Uhm..privileges of carbon credits is hardly "free market" or a sign of "capitalism". It's mercantilism. The beauty of something being the "free market" is that government isn't involved, hence "FREE". If the government is mandating across the board a carbon credit program for you to even participate in being in an industry, how does that serve as nothing more than a barrier-to-entry for small companies?? Carbon credits is another form of government regulation, which if you knew any better actually impairs smaller companies from overcoming the big guys. Notice how politicians get money from some of the largest companies in the world and the US, and how politicians continually insist on more and more regulations yet election after election they still get more and more money from these companies. Why? Could it be because these regulations serve as a means of squashing out potential competitors in the long-run? Of course! What better way to destroy competition and ensure that no small company can rise to the top than to burden it with excessive compliance costs where they need an entire staff just to comply with government regulations?

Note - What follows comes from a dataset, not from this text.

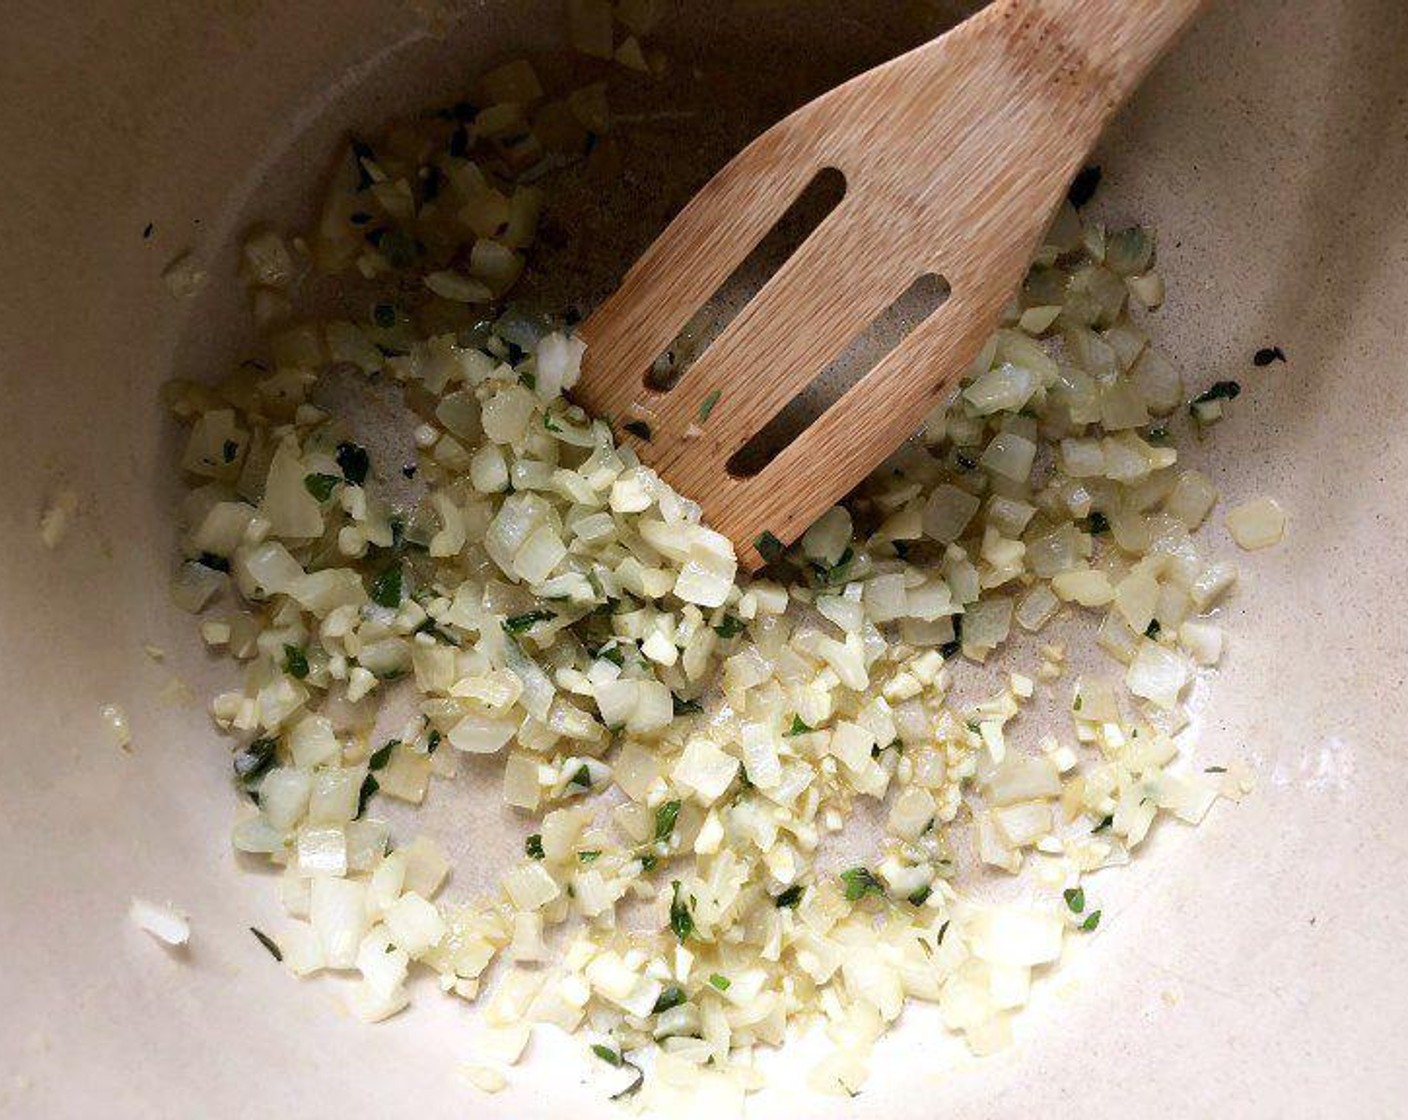 step 2 Add Fresh Oregano (1/2 Tbsp) and Garlic (4 cloves) to the pot. Sauté for 1 more minute.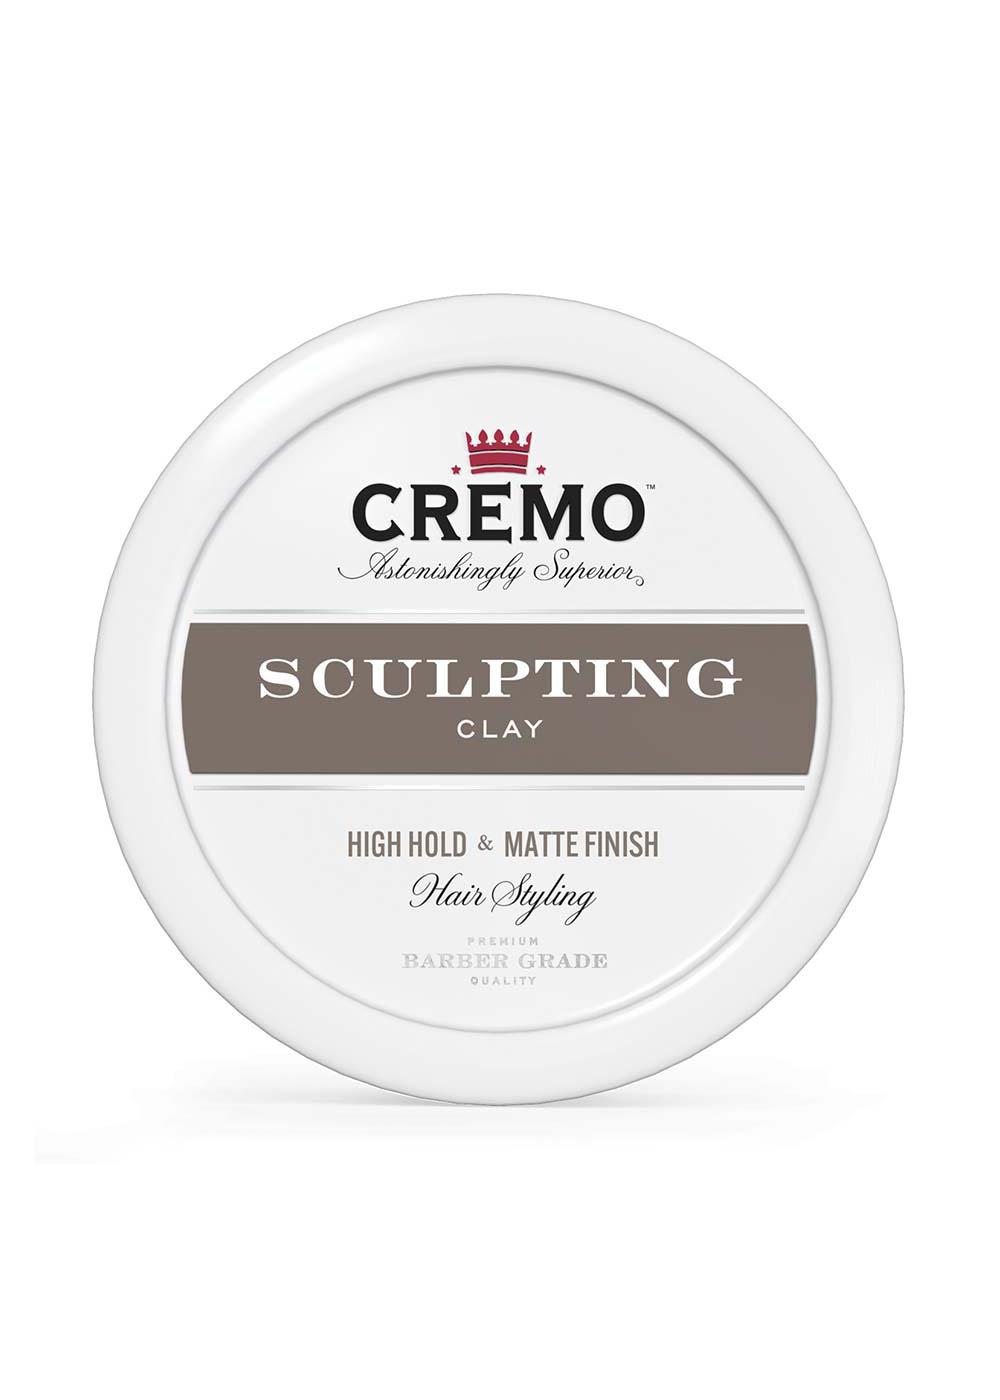 Cremo Hair Styling Pomade - Sculpting; image 1 of 3

It's mercantilism. Go look it up. There's a big difference between capitalism and mercantilism. Just because businesses are going to be affected in this legislation doesn't automatically mean it's a "capitalistic" bill. I suppose you would argue that the bailouts were a failure of capitalism, no? See, you don't understand what capitalism is. You assume if businesses benefit from government, then that's "evil capitalism". That isn't capitalism, that's mercantilism. Subsidies, regulation, encouragement, and monopoly grants, are all the means of mercantilism that government grants certain corporations. Funny how capitalism gets the blame for mercantilistic policies. Could it be because most people don't even understand what the differences are? Sure looks like it!